Parker was already involved in public relations for the sport, and she married Scott Smith that same year. They are the parents of two boys, ages 7 and 5, and she is busy promoting the sport she still loves.
This week is a special one as the city of Ogden hosts the Archery World Cup, a first for the U.S.
"For local archers it's a huge deal," she said of the competition that begins with preliminary rounds on Tuesday at Weber State and finishes Saturday with championships at Lundquist Field. "It's a big deal for USA archery because we don't get them very often."
She credits the Easton Foundation with making it possible for USA Archery to host the event that will feature archers from 35 different countries. Individuals and teams will try to hit a target that is 70 meters away.
"USA Archery is not very big and we don't have enough manpower to put on and host an event like this," she said. "Olympic style archery isn't big in the U.S. We have over 3 million archers, but that's a lot different from this."
She said encourages people to take in some of the preliminary rounds at Weber State just because of the visual feast and energy of the event.
It will be difficult for novices to follow in the preliminary rounds because of the number of archers shooting at the same time.
"The pageantry, the look of it is so cool," she said.
But once the competition moves to Lindquist where two archers square off at a time, it will be very easy to follow and cheer for specific athletes.
"It's a really cool thing to watch," she said.
Parker hopes the exposure not only draws attention to the talent of U.S. athletes but also starts a fire in young would-be archers.

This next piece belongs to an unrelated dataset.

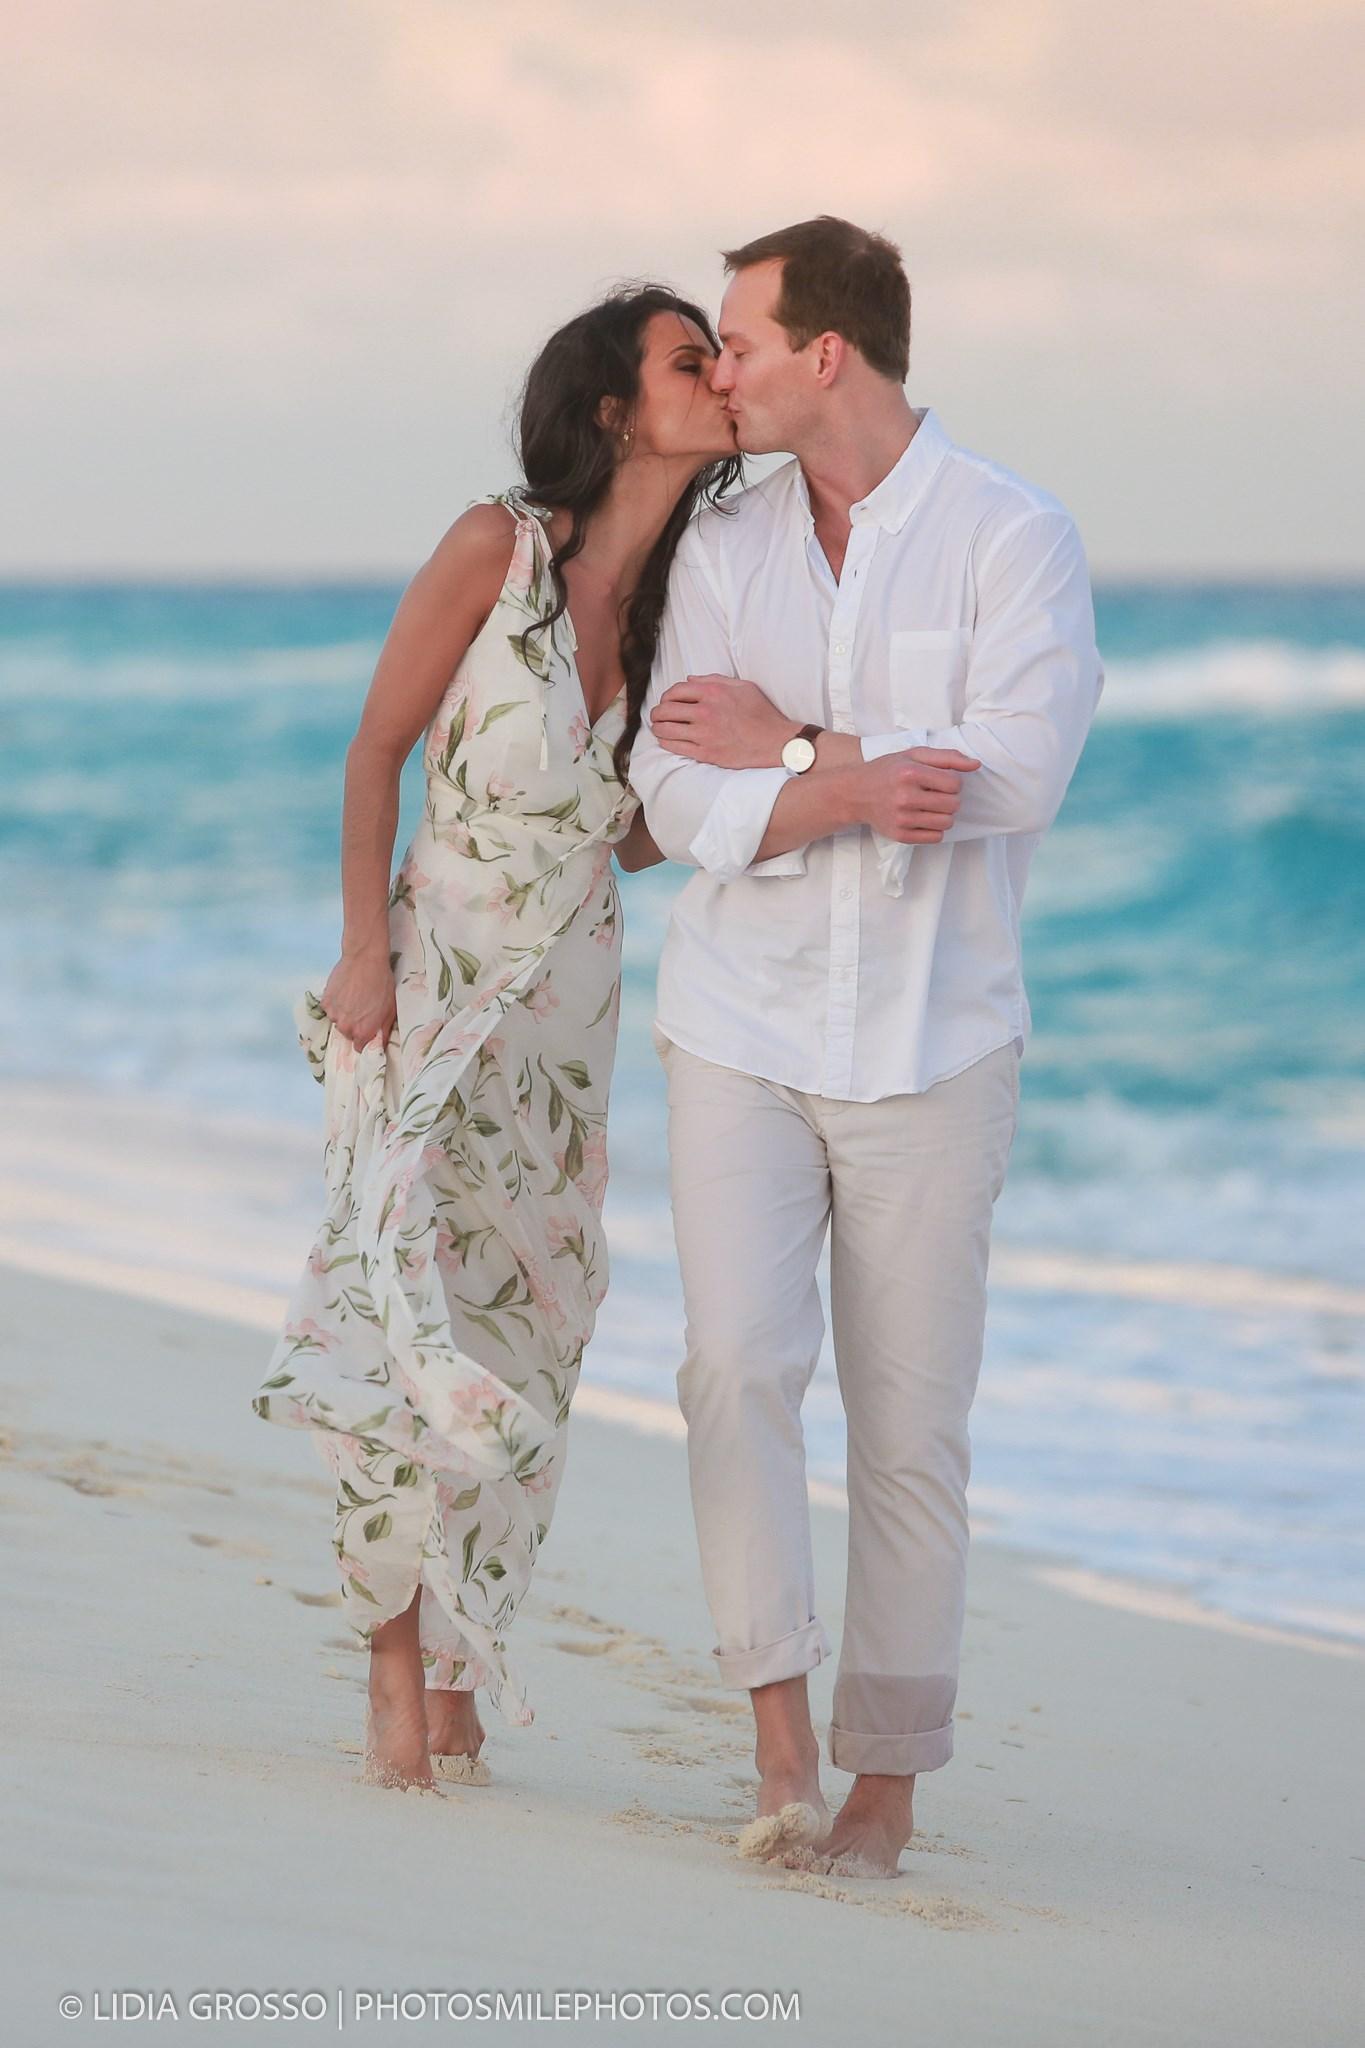 engagement sessions cancun, beach portraits cancun, fotografia coppie torino, fotografo torino, fotografo cancun, beach engagement photos cancun, lidia grosso photography

She still cherishes her experiences and finds the life lessons almost too numerous to name.
Her best moment as an archer came in the 1988 Olympics.
"I think it was when our team took the bronze medal," she said. "Because we weren't expected to do anything."
The team actually tied for second and then lost in a shoot-off.
"I've always just been really proud of that effort," she said.
2010 Archery World Cup Stage 3
At Ogden, Utah
Aug. 4-6 — Qualification and Elimination Rounds at Weber State University, 3848 Harrison Blvd.
Championship on Aug. 7 — Championship Finals at Lindquist Field, 2330 Lincoln Ave.
All sessions of the 2010 Archery World Cup Stage 3, including championships, are free and open to the public.